═════ THE DATA

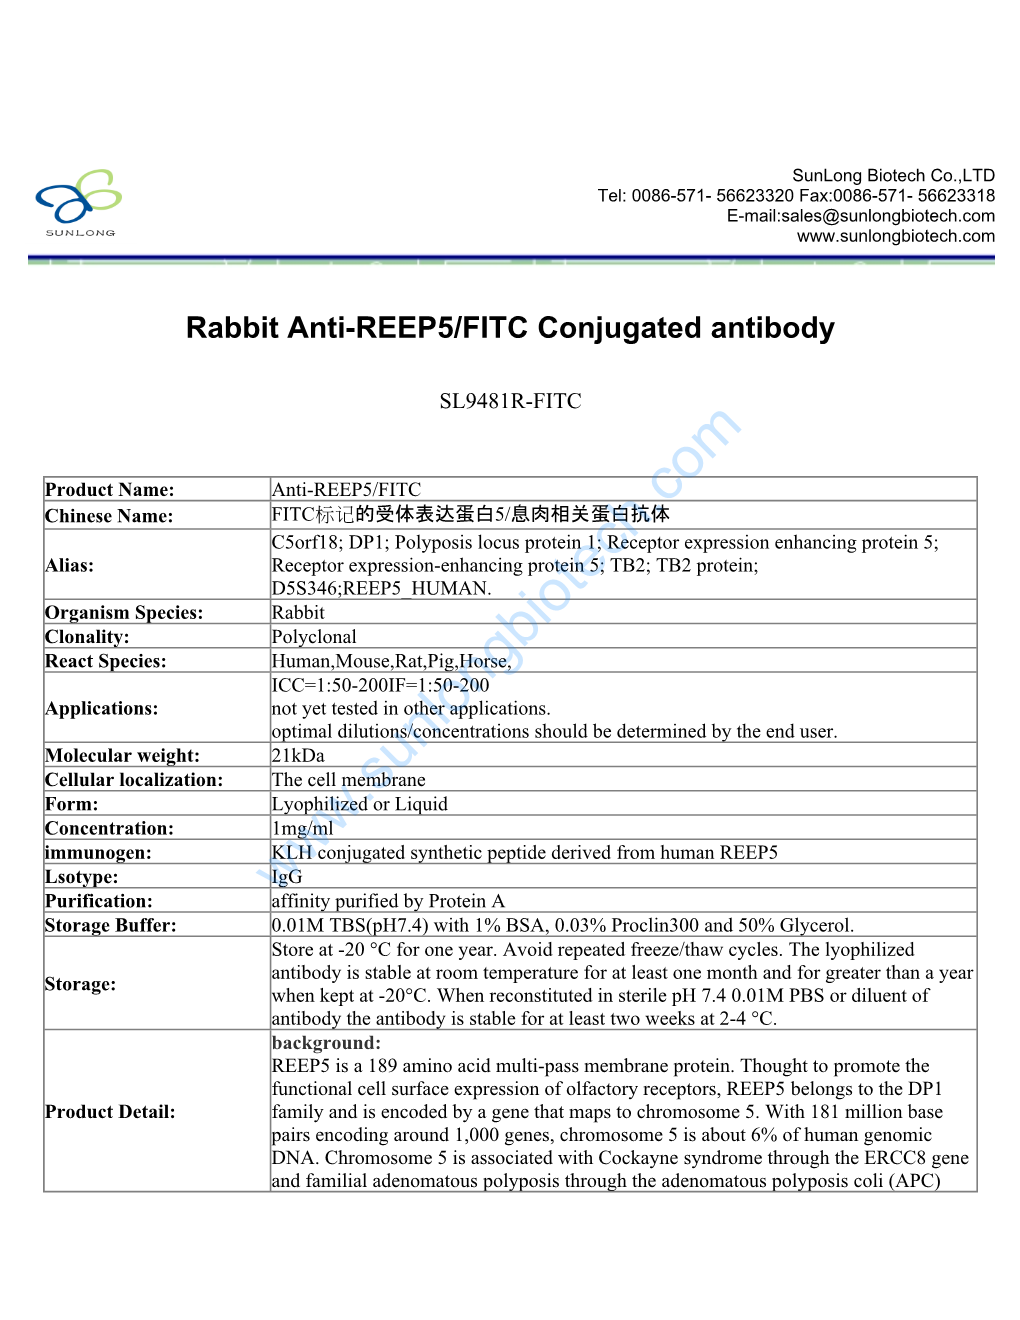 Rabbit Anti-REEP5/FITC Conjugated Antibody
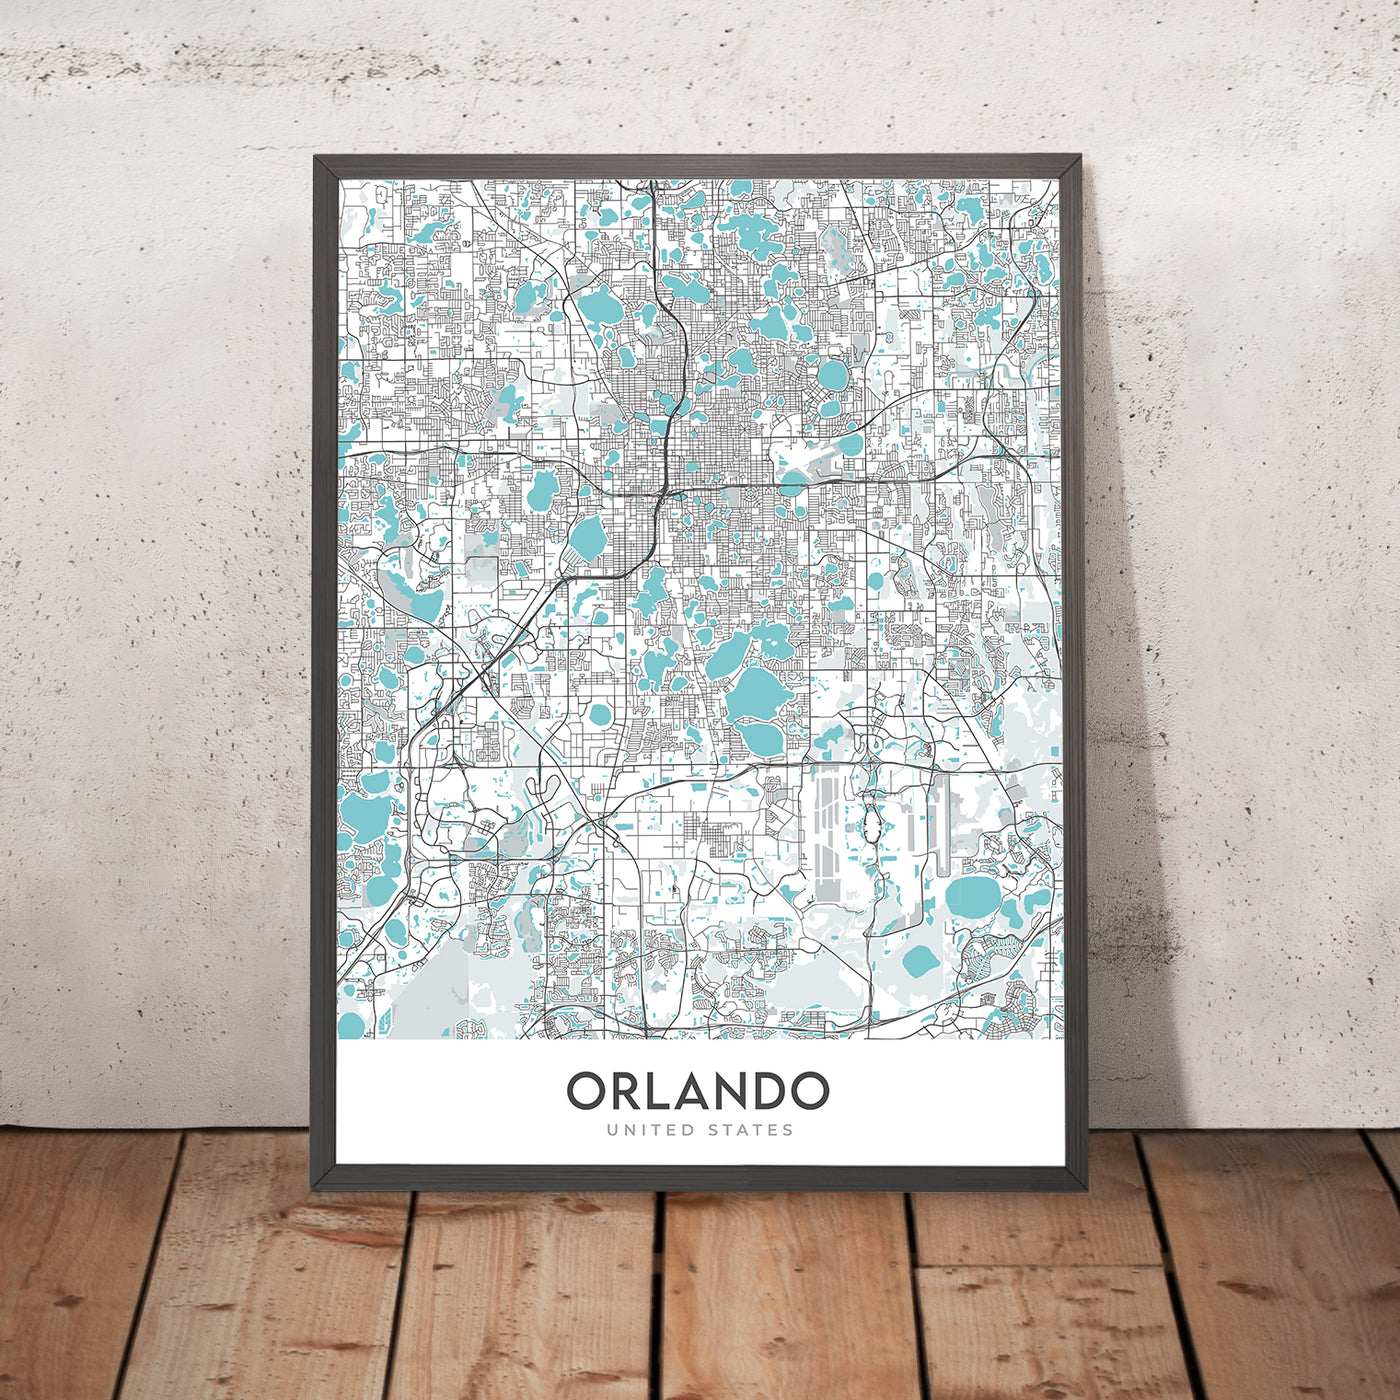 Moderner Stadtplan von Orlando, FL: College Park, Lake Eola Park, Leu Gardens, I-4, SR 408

══════════
═════ THE DATA

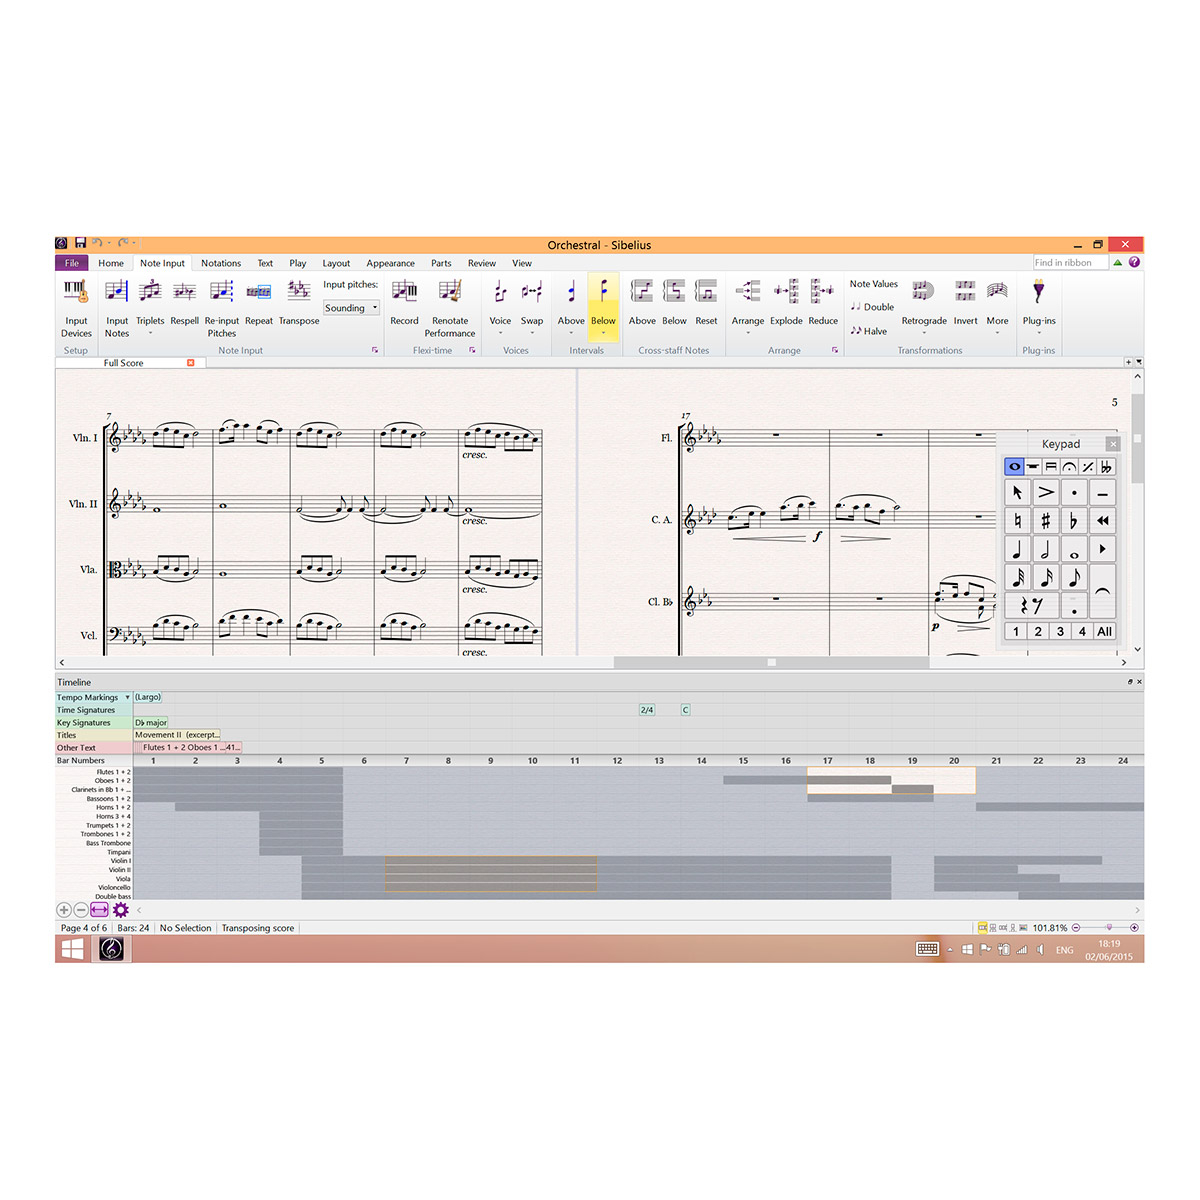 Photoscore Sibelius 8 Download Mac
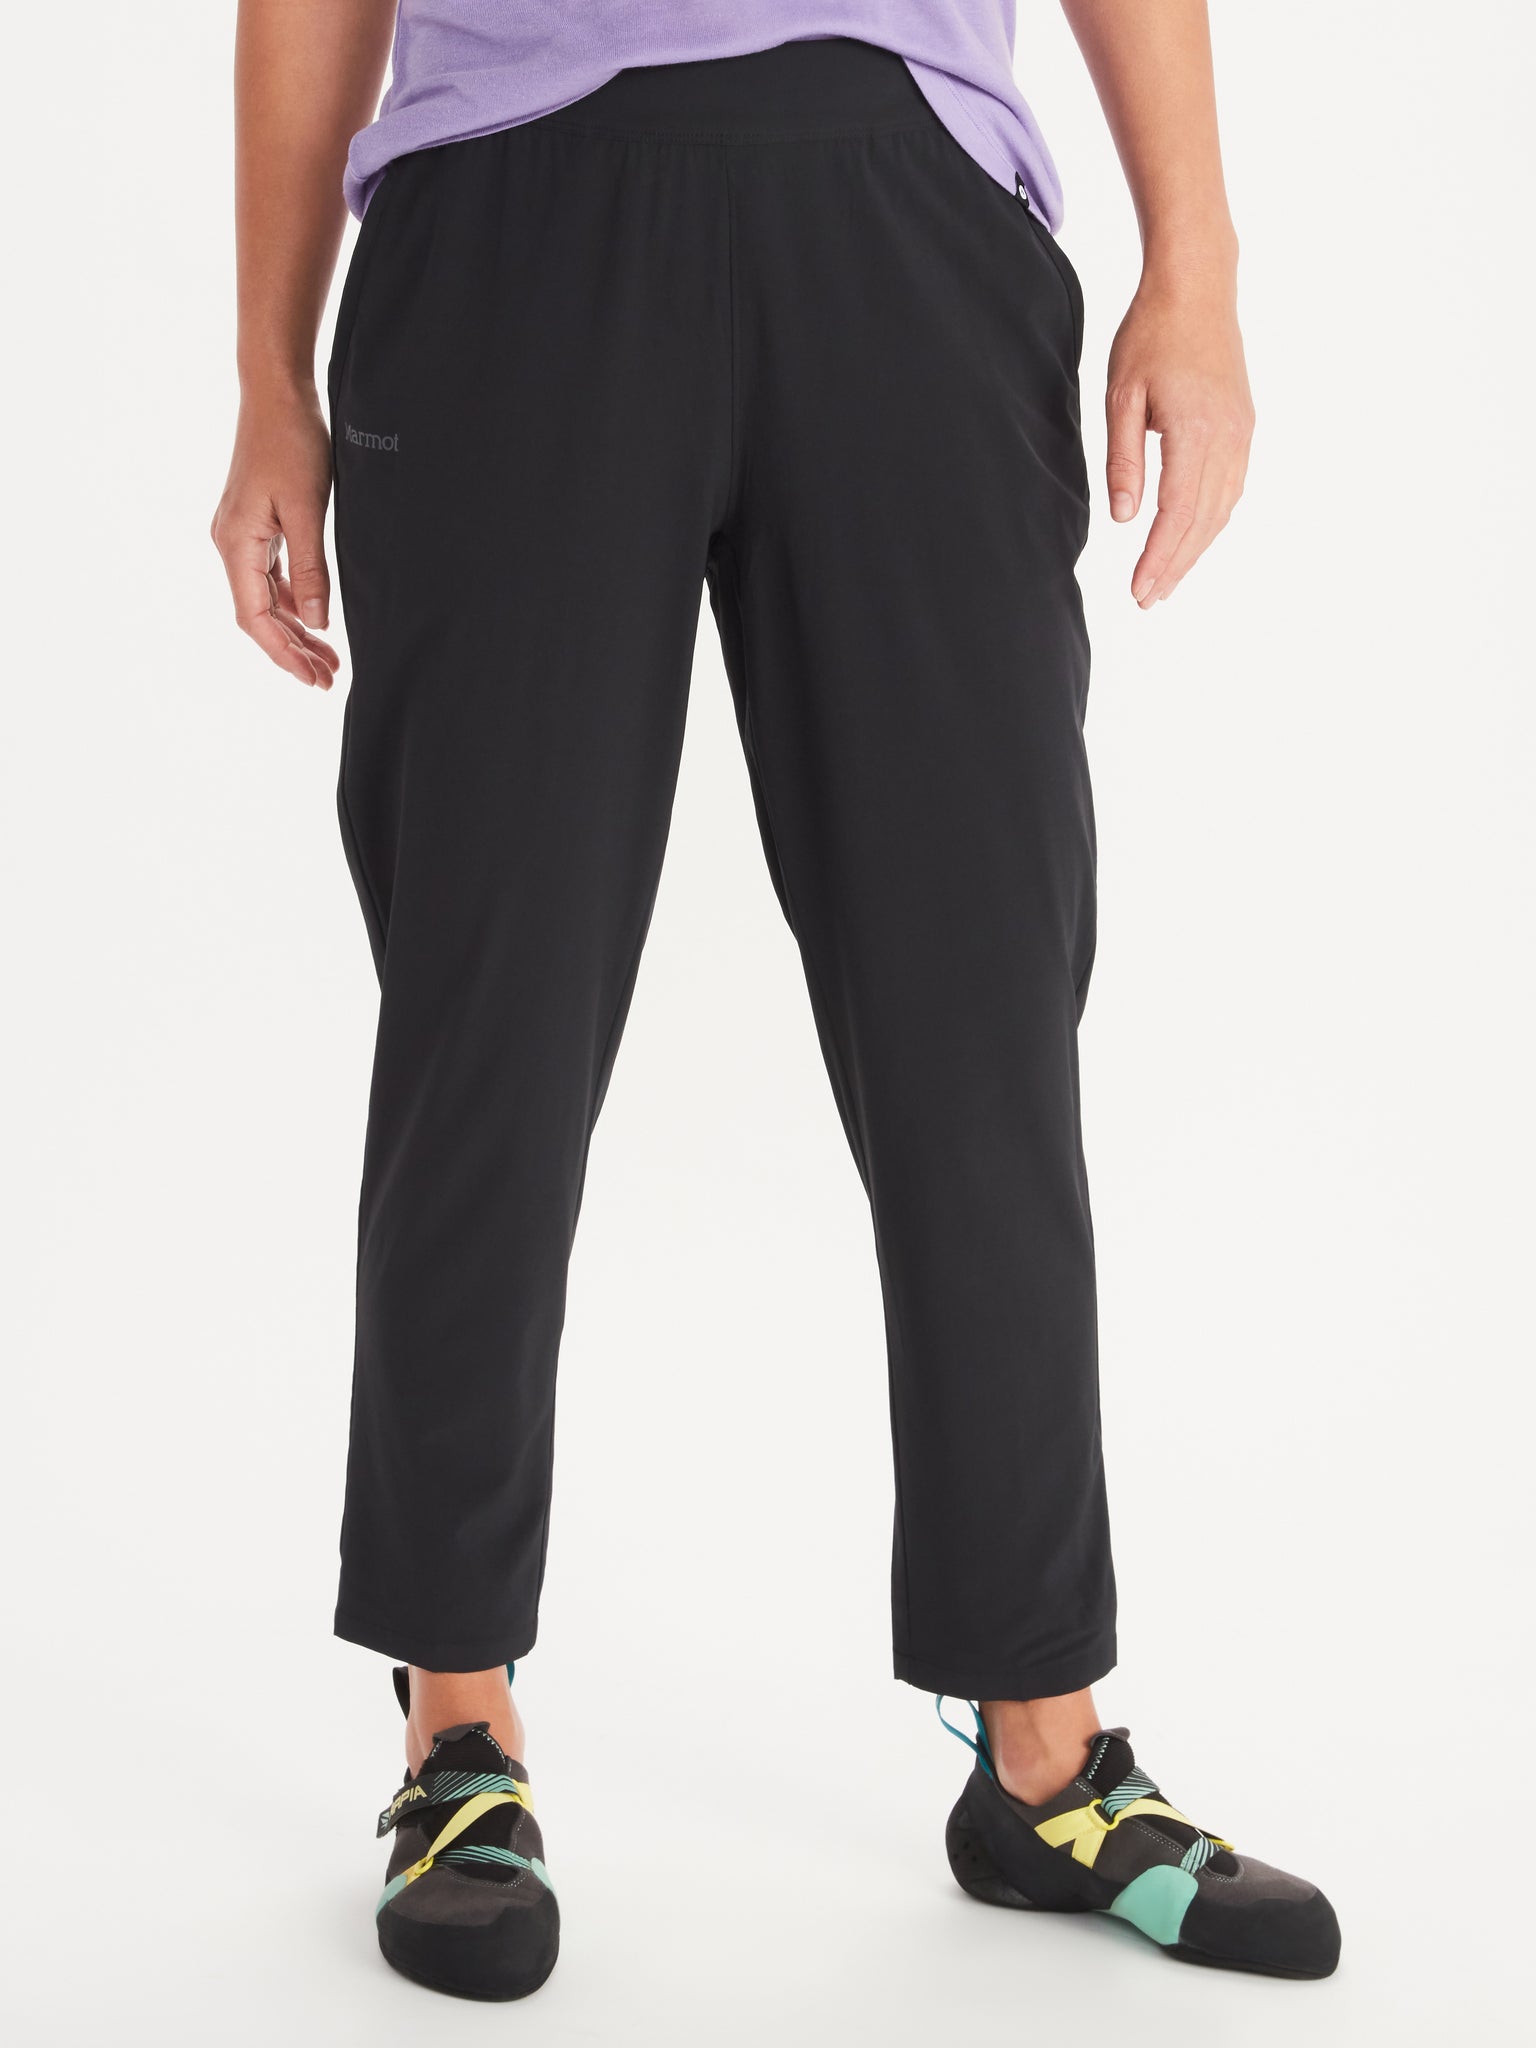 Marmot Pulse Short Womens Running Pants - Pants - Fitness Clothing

══════════

• [ABOUT THIS EXERCISE]:
Start with the line above containing "Rabbit Anti-REEP5/FITC Conjugated Antibody" and end with the line containing "Moderner Stadtplan von". Set down that stretch exactly, without any pictures.

• [TASK SOLUTION]:
 Rabbit Anti-REEP5/FITC Conjugated Antibody
 Moderner Stadtplan von Orlando, FL: College Park, Lake Eola Park, Leu Gardens, I-4, SR 408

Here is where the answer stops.